Ask someone what makes a GPU fast and they'll say "thousands of cores." True, but misleading — a GPU doesn't run thousands of independent threads. It runs them in tightly coordinated squads, and that organization is the difference between code that merely runs on a GPU and code that actually uses one.

NVIDIA calls the basic execution unit a warp. AMD calls it a wavefront. HLSL and DirectCompute call the layer above it a thread group; CUDA calls the same idea a thread block. Different vocabulary, same hierarchy:

Grid / Dispatch

Thread Group / Block — programmer-defined

Warp / Wavefront — hardware-fixed, 32–64 threads

Thread — one lane, one instruction stream shared

Grid → independent work spread across the whole chip. Thread group → your scheduling unit, shares memory and barriers. Warp → the hardware's true atomic unit of execution.

Sheet 02 — Definition

What Exactly Is a Warp?

A warp is NVIDIA's unit of SIMT execution — Single Instruction, Multiple Threads. All 32 threads in a warp share one instruction stream. Every cycle, the scheduler issues the same instruction to all 32 lanes; each lane just applies it to its own data.

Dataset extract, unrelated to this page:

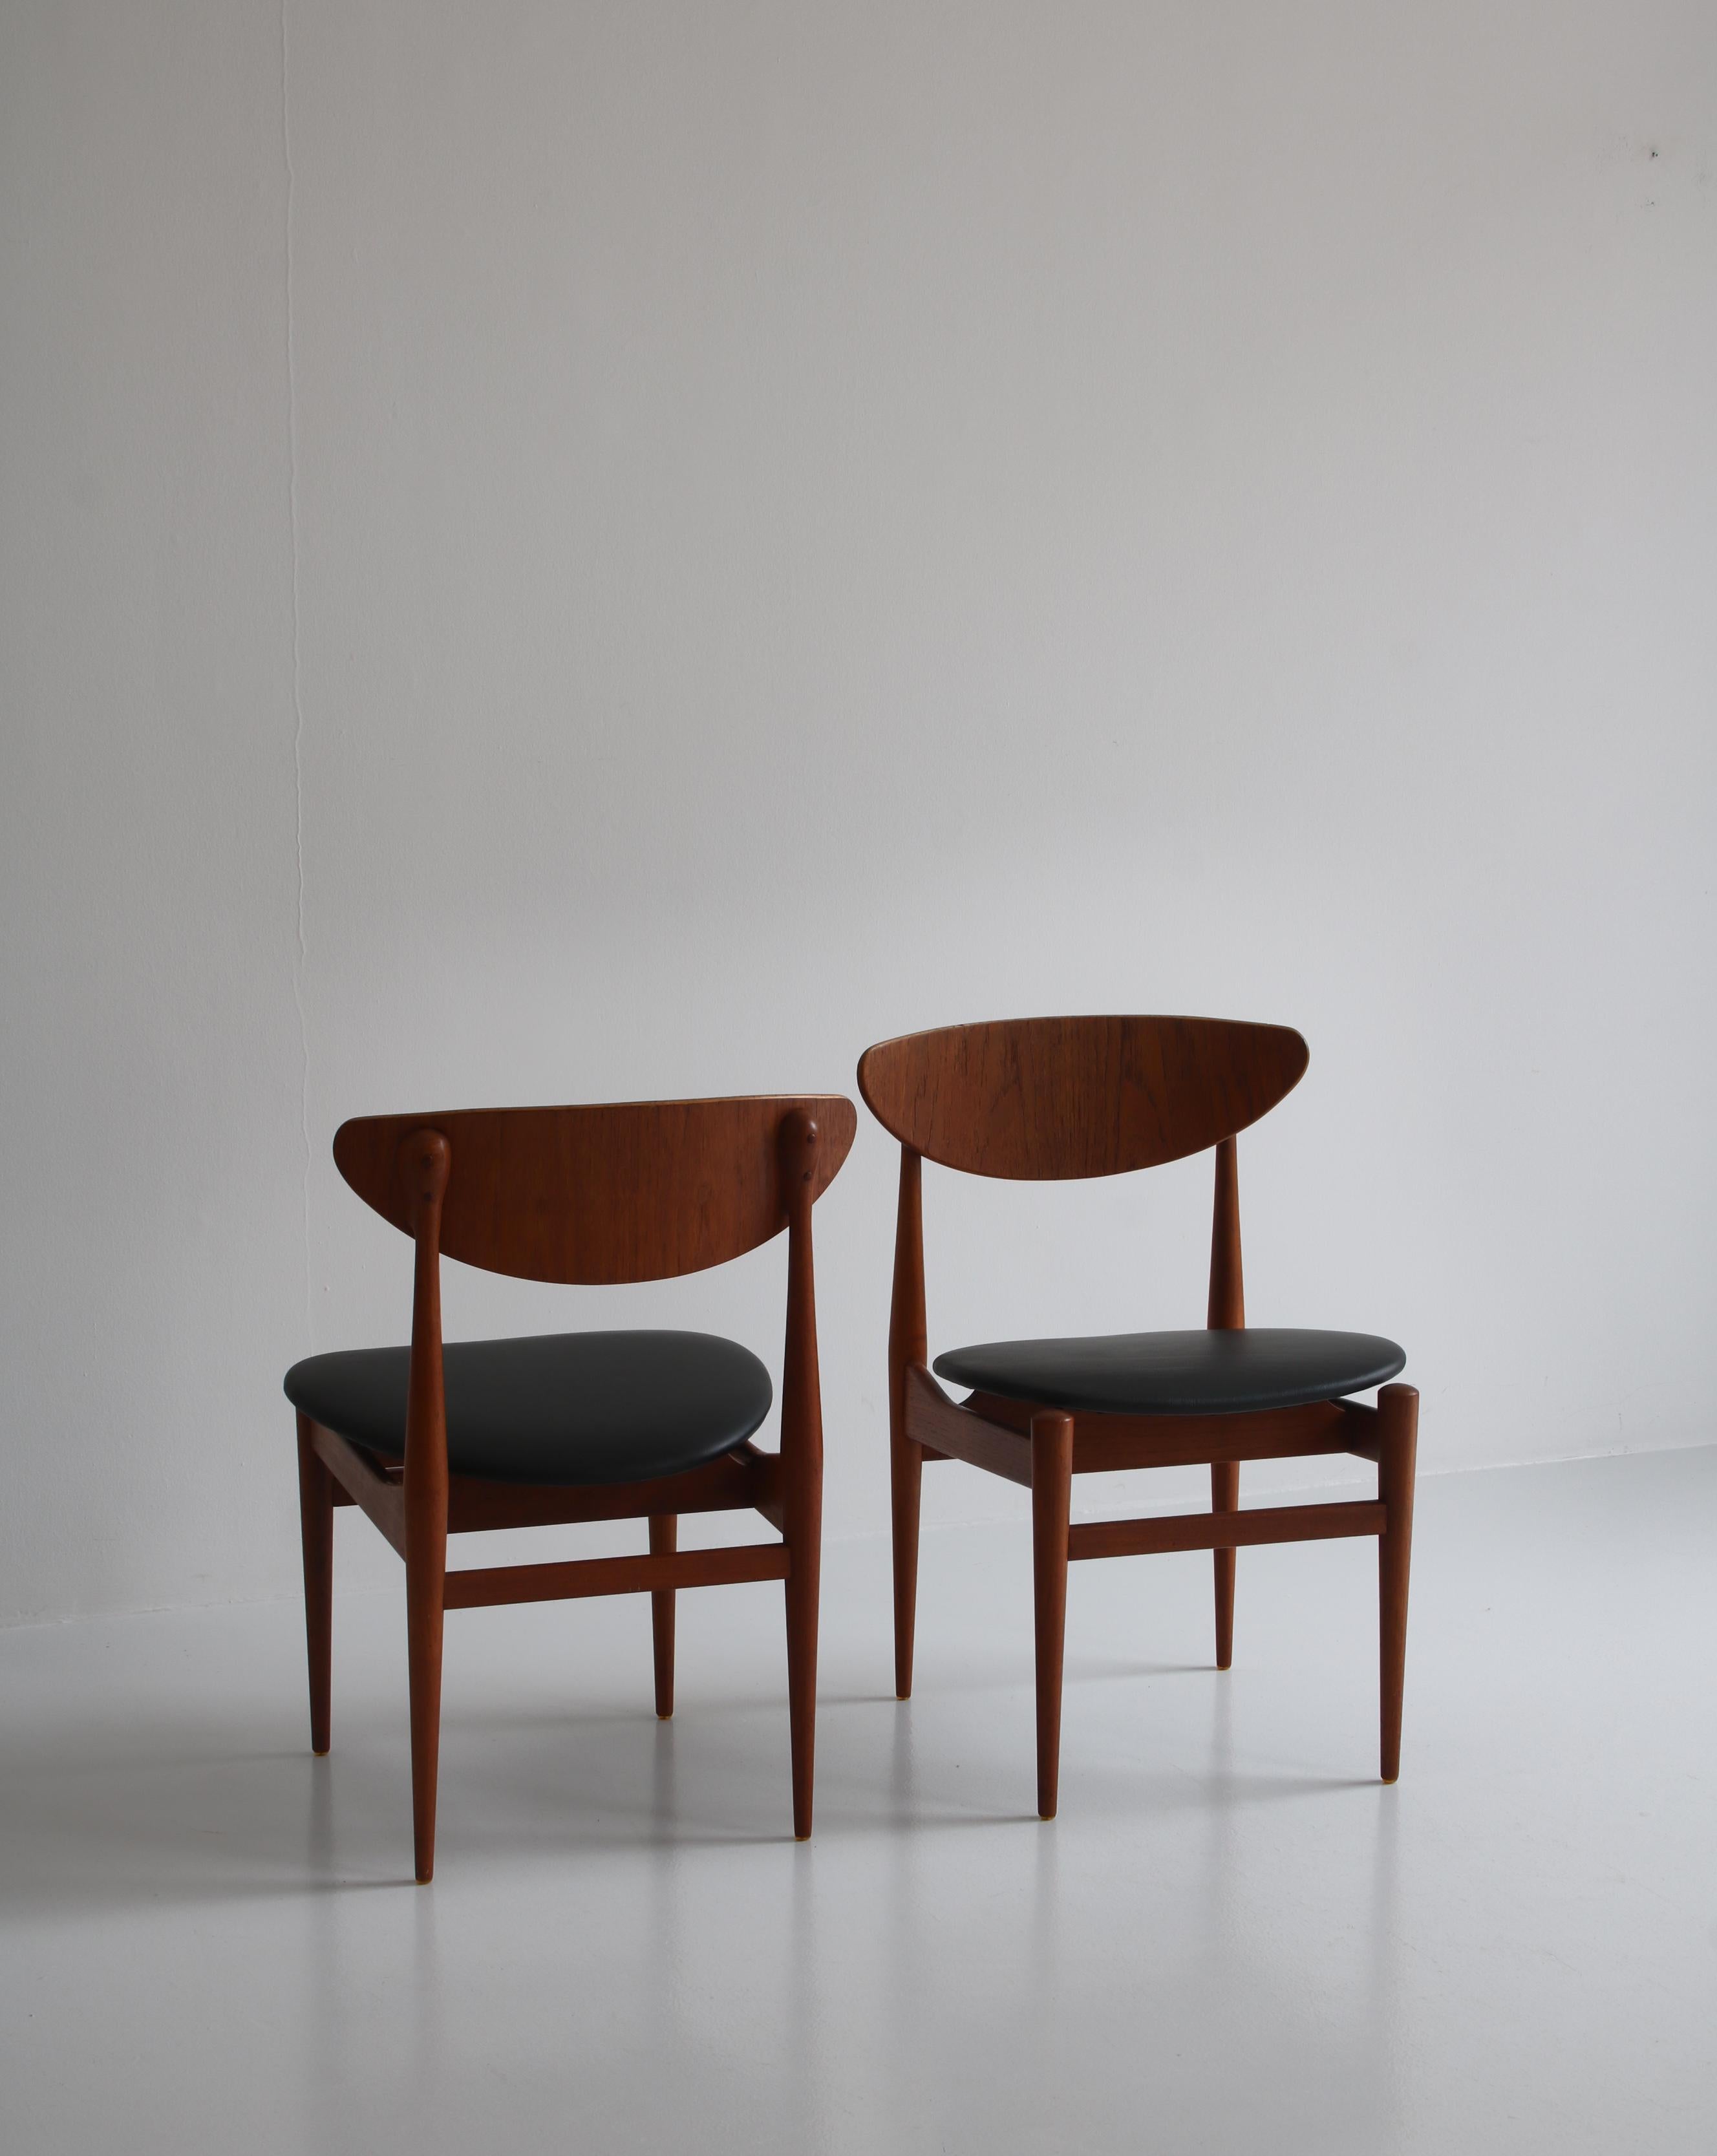 Scandinavian Modern Set of 8 Danish Modern Dining Chairs Teak and Black Leather by Inge Rubino, 1963

This is the key mental model: a warp is not 32 independent threads that happen to run nearby. It's one instruction stream wearing 32 hats. If you've used SIMD on CPUs — SSE, AVX, NEON — the analogy is exact, except a GPU runs hundreds of these lane-groups concurrently and hides memory latency by switching between them.

32NVIDIA warp width

64AMD GCN wavefront

32/64AMD RDNA, configurable

Portable code shouldn't hardcode the number — query it. WaveGetLaneCount() in HLSL, warpSize in CUDA.

Sheet 03 — Definition

What Exactly Is a Thread Group?

A thread group is the unit you define when writing a compute shader or kernel. The hardware doesn't know or care about your chosen shape — it flattens it into a sequence of threads and slices that into warps of 32 (or wavefronts of 64).

Examplecompute.hlsl

[numthreads(8, 8, 1)]
void CSMain(
    uint3 groupID      : SV_GroupID,
    uint3 groupThreadID : SV_GroupThreadID,
    uint3 dispatchID    : SV_DispatchThreadID)
{
    // 8 * 8 * 1 = 64 threads / group
    // → flattened into 2 warps of 32
}

Examplekernel.cu

dim3 blockDim(8, 8, 1);   // 64 threads / block
dim3 gridDim(16, 16, 1);

myKernel<<<gridDim, blockDim>>>(data);

// inside the kernel:
int tid = threadIdx.x + blockIdx.x * blockDim.x;

What a thread group guarantees that a lone warp does not:

Shared memory — a fast on-chip scratchpad (groupshared / __shared__) visible to every thread in the group.
Group-wide synchronization — a barrier where every thread waits for the others, so shared-memory writes are visible before anyone reads them.

Warps in different thread groups generally can't talk to each other — there's no hardware guarantee about when other groups even run. That isolation is intentional: it's what lets the GPU schedule thousands of groups without a global coordination bottleneck.

Sheet 04 — Composition

How Warps Compose a Group

Request a 256-thread group and the hardware doesn't hand you 256 independent lanes — it hands you 8 warps that share one shared-memory allocation and one barrier.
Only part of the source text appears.